- [DATA BELOW]:

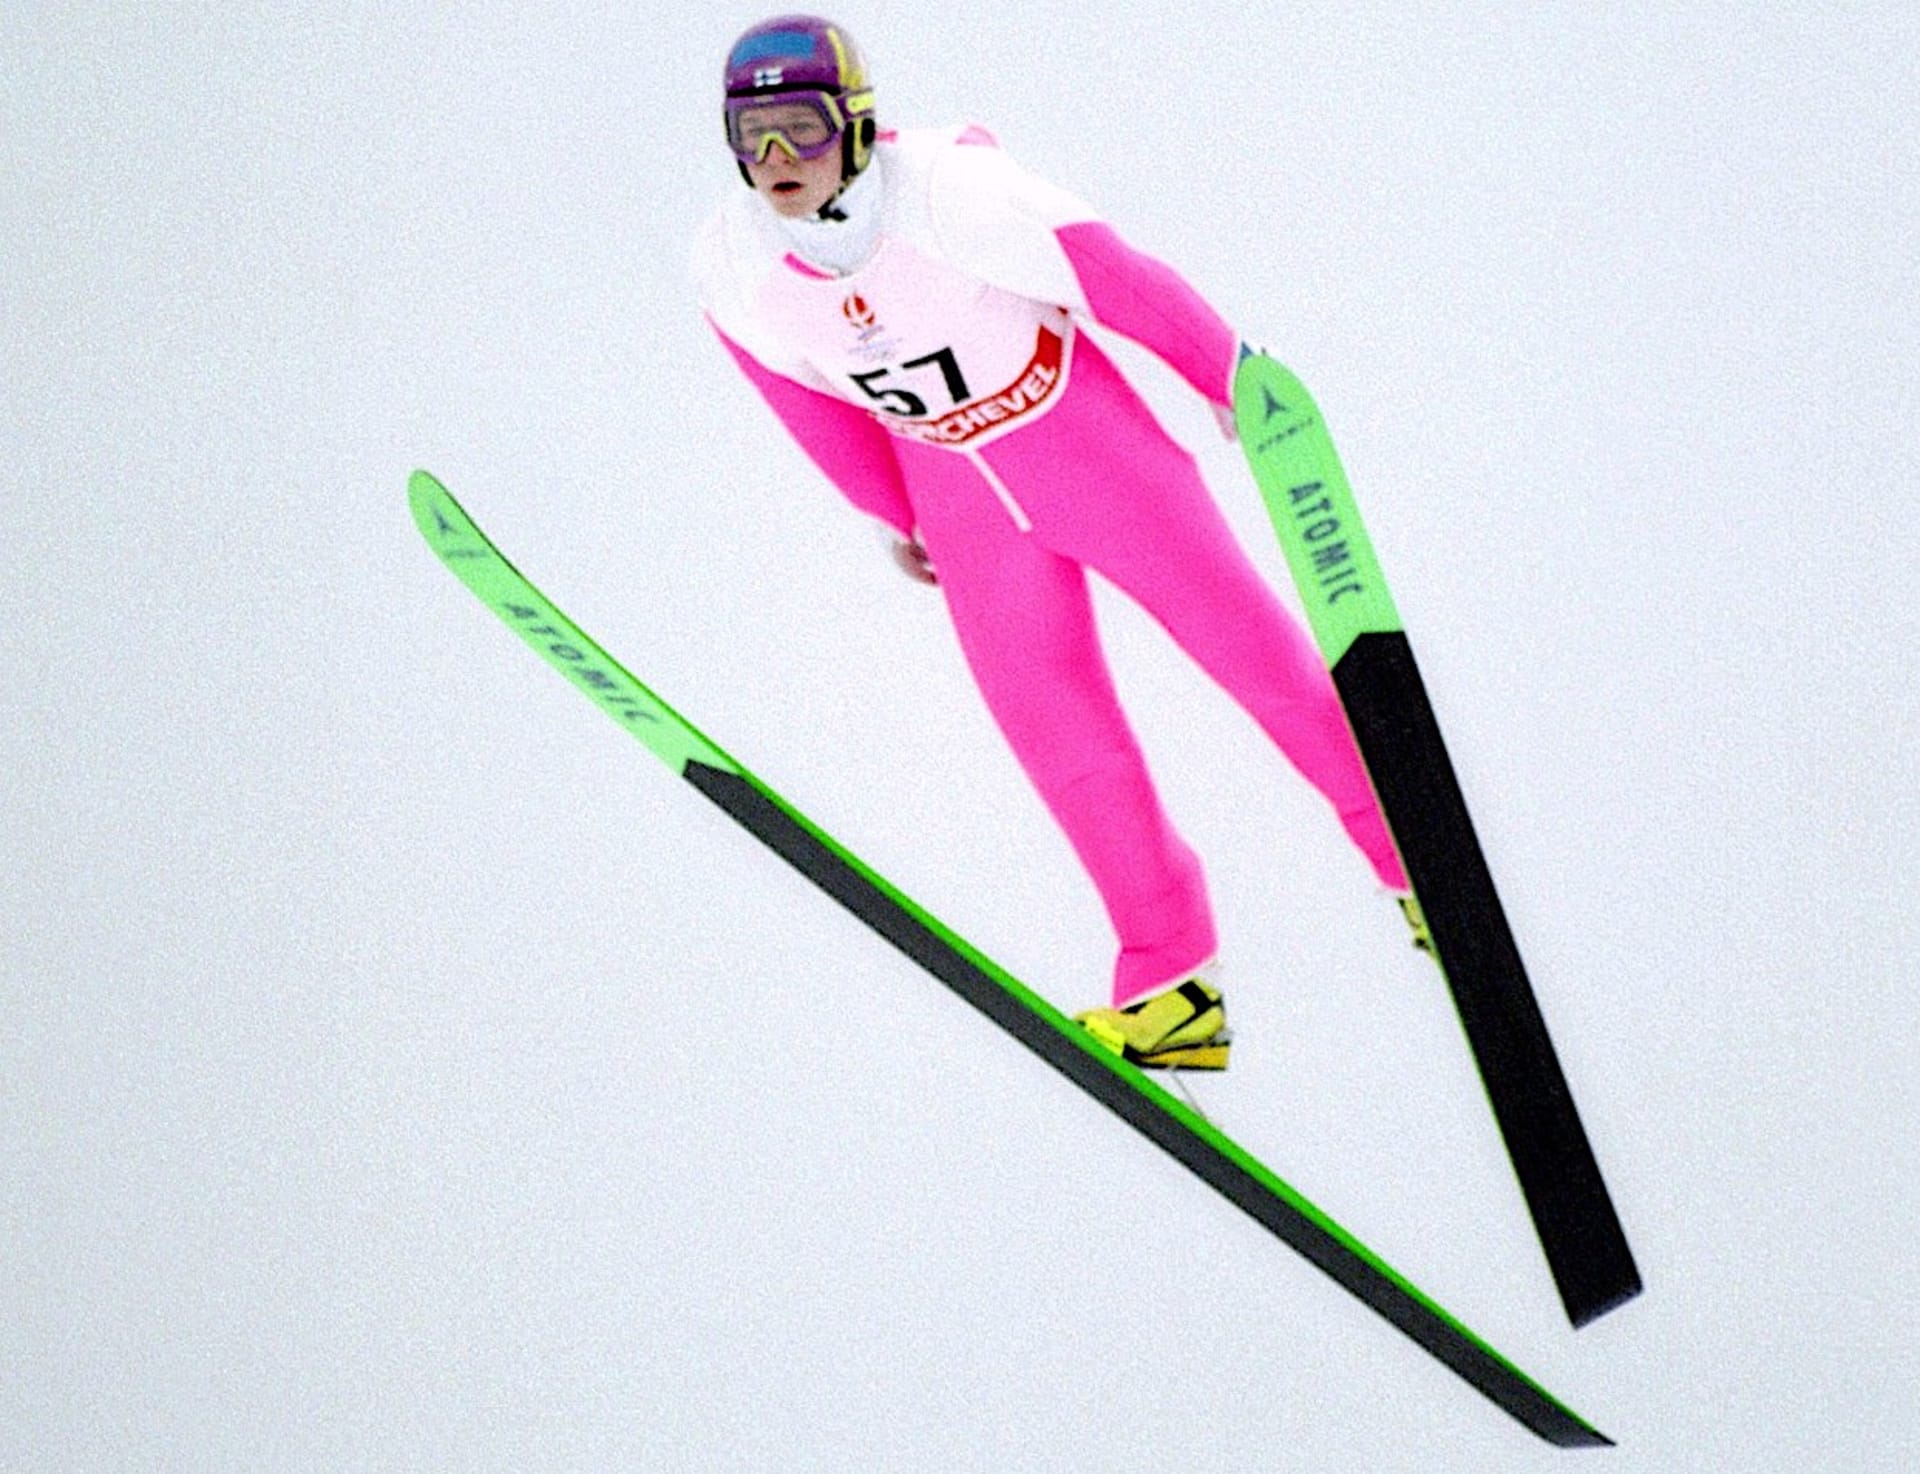 Finský skokan na lyžích Toni Nieminen získal ve svých 16 letech na olympijských hrách 1992 v Albertville dvě zlaté medaile a jednu bronzovou. 
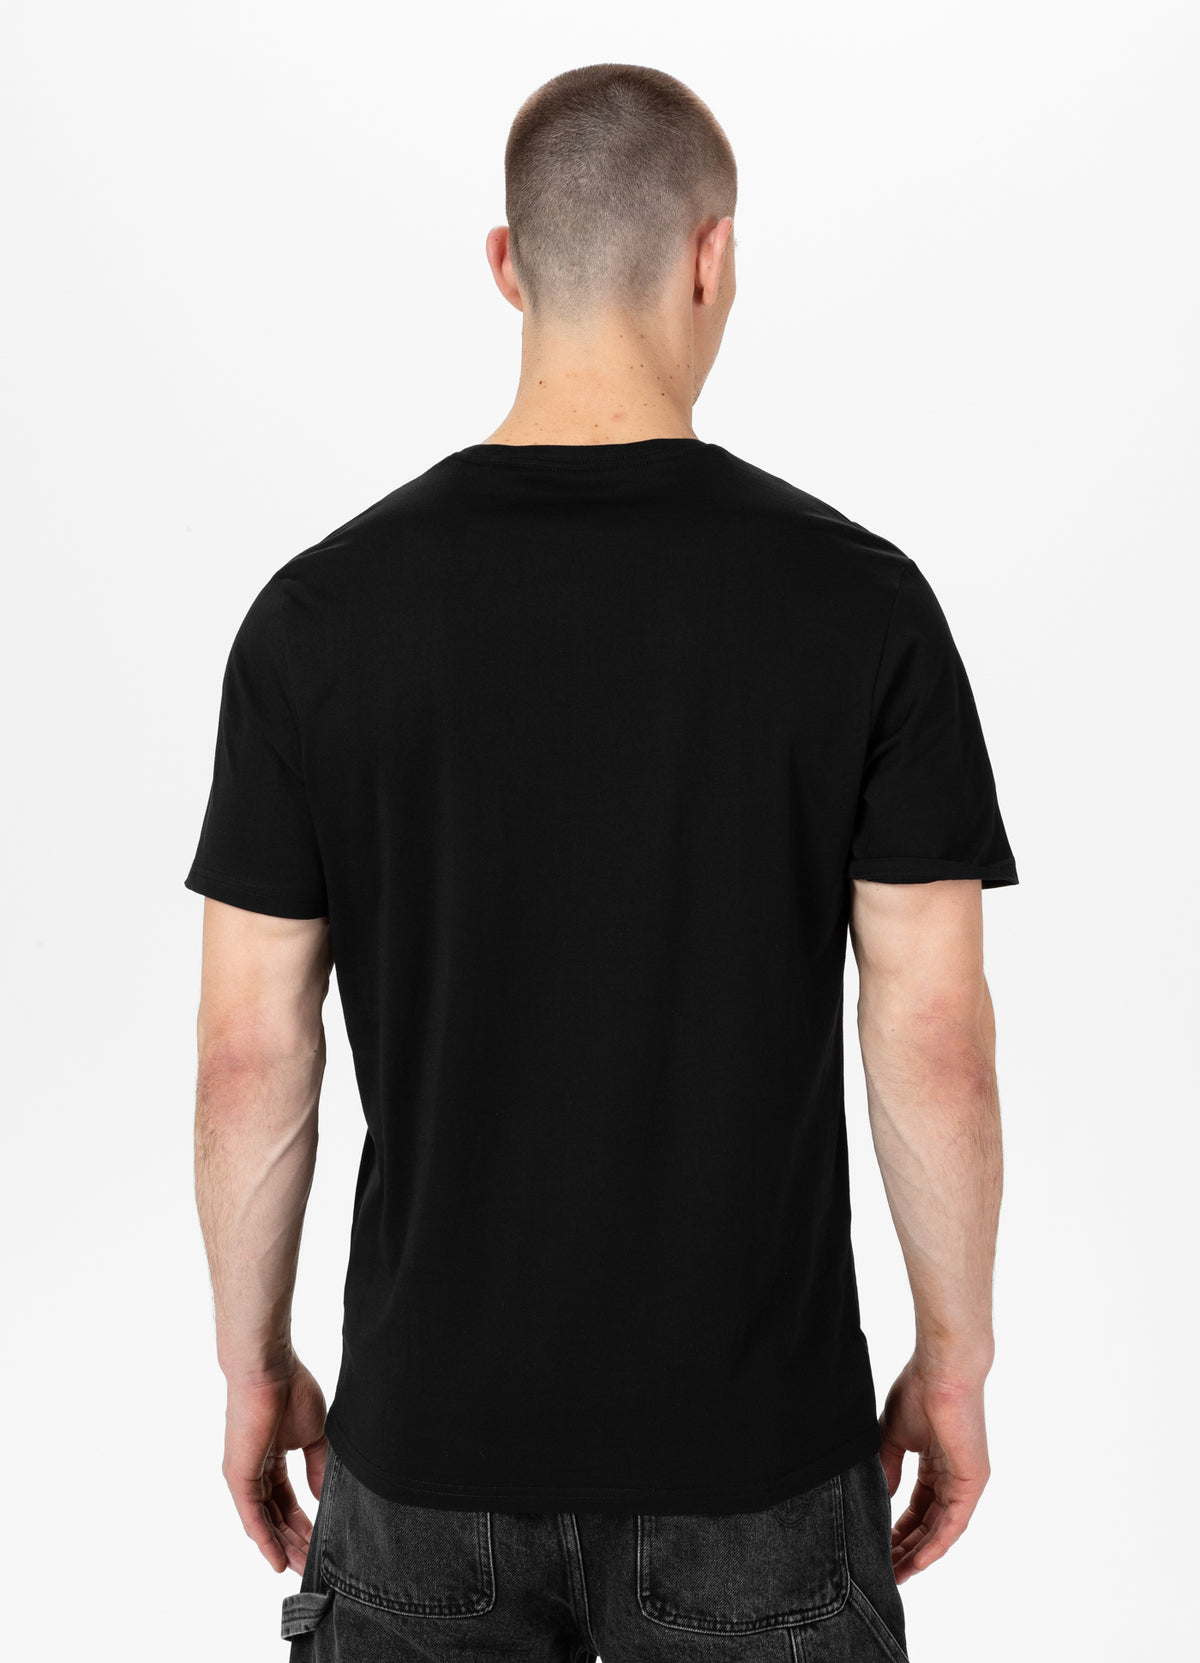 SMALL LOGO Lightweight Black T-shirt - Pitbullstore.eu
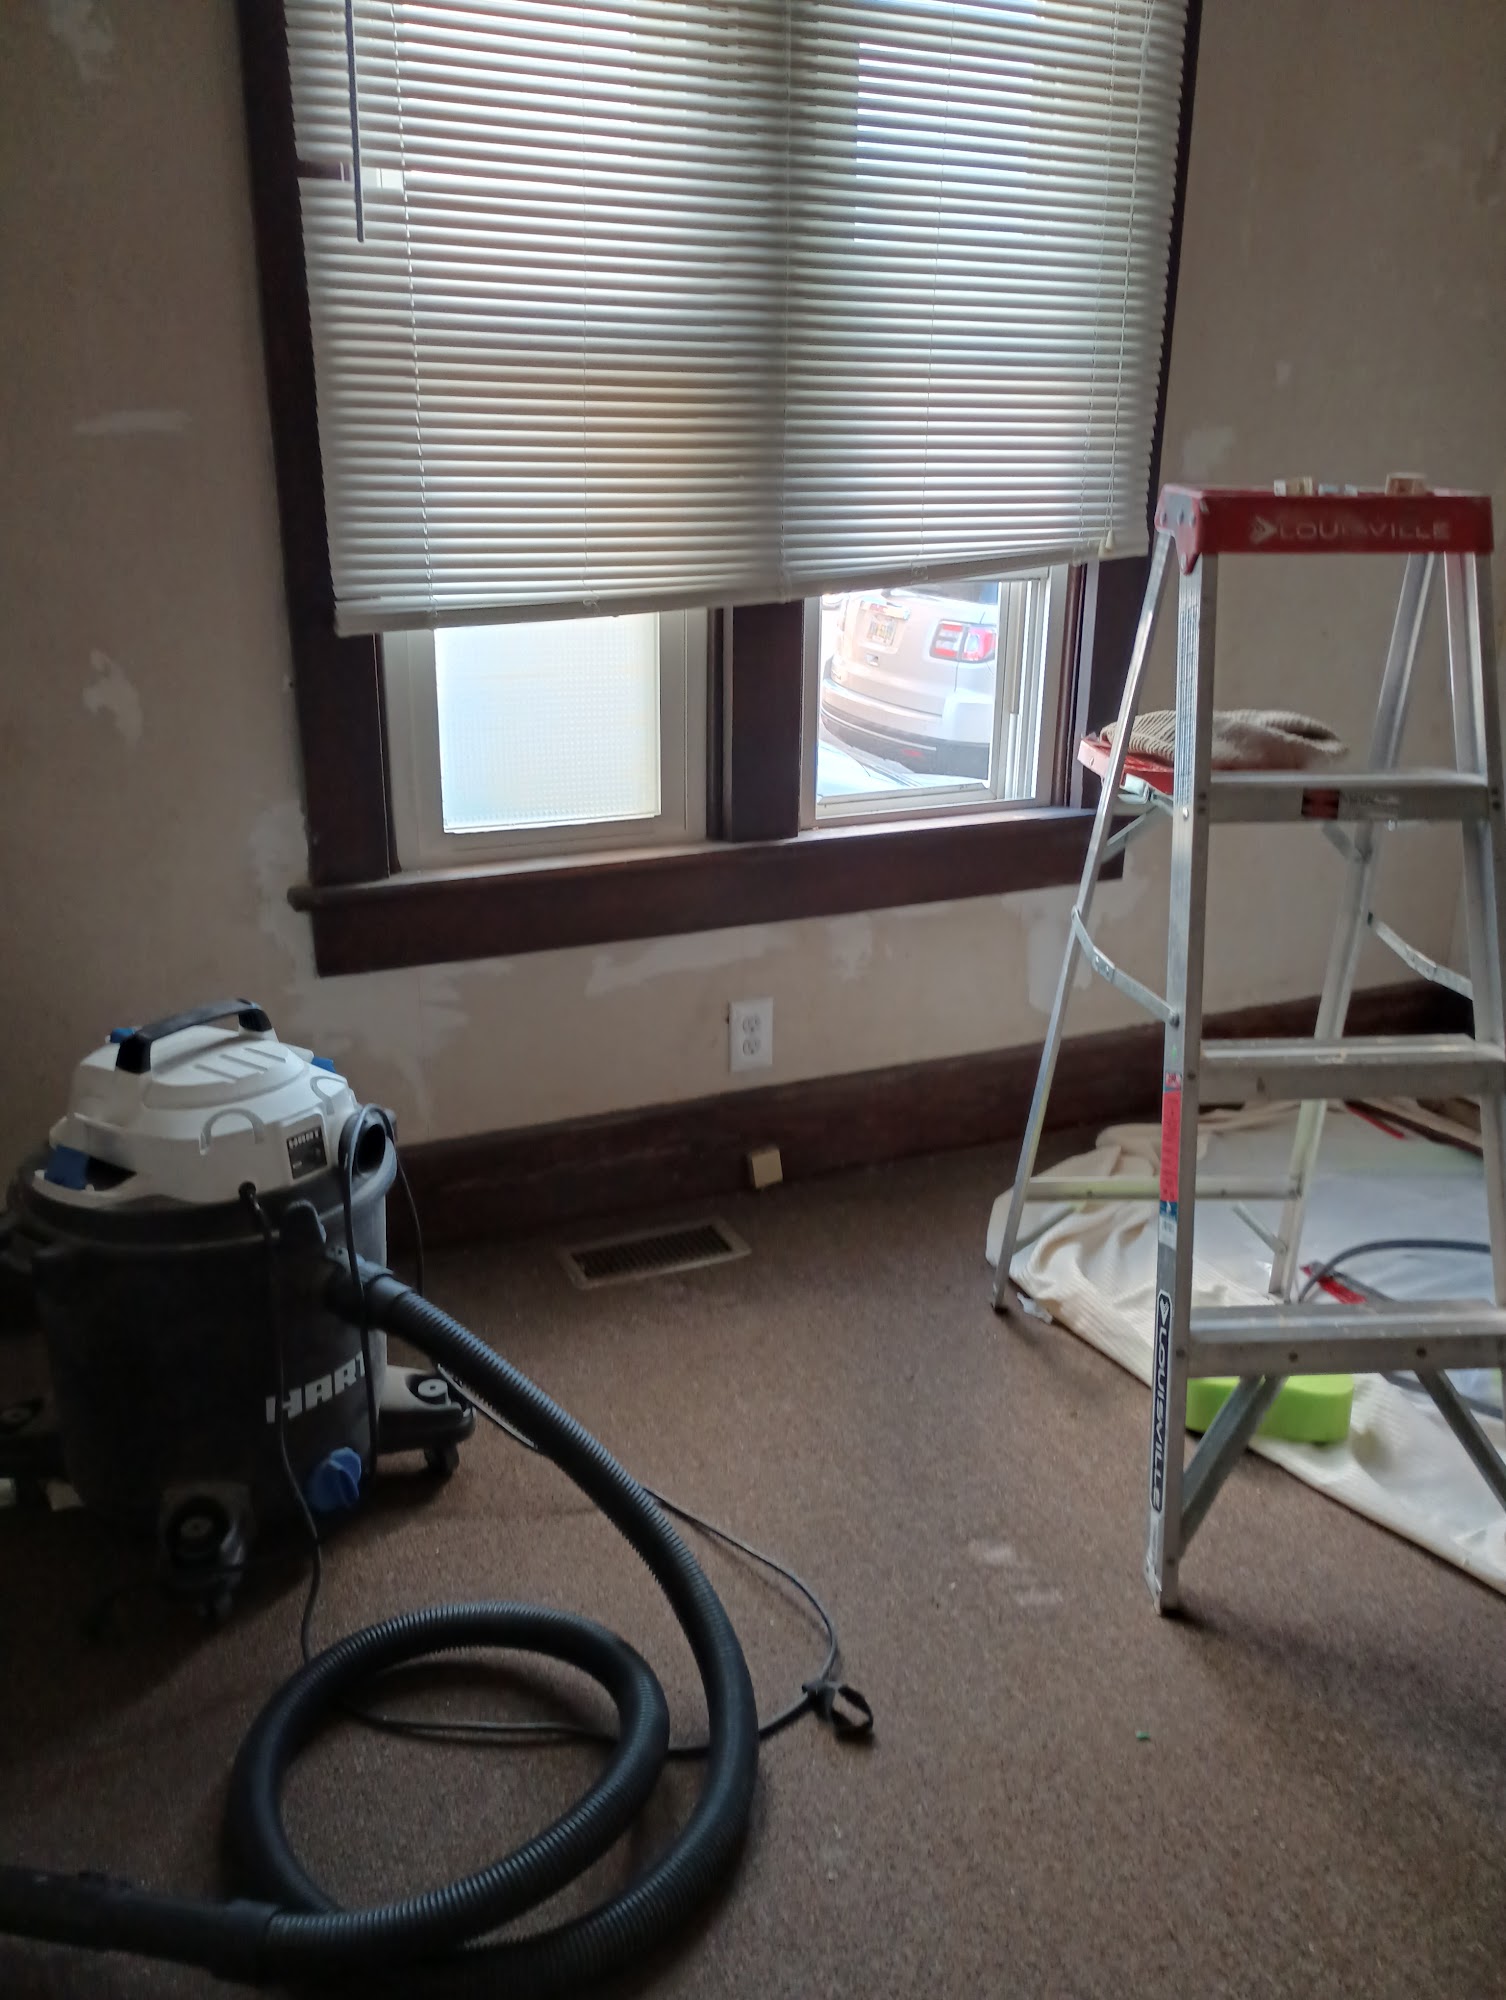 Kings Remodeling and Repair, LLC 425 N Main St, Bryan Ohio 43506

- [WHAT THIS TASK INVOLVES]: Print the data above in full and exactly as it appears, skipping the pictures.

- [SOLUTION]:
 Finský skokan na lyžích Toni Nieminen získal ve svých 16 letech na olympijských hrách 1992 v Albertville dvě zlaté medaile a jednu bronzovou. 
 SMALL LOGO Lightweight Black T-shirt - Pitbullstore.eu
 Kings Remodeling and Repair, LLC 425 N Main St, Bryan Ohio 43506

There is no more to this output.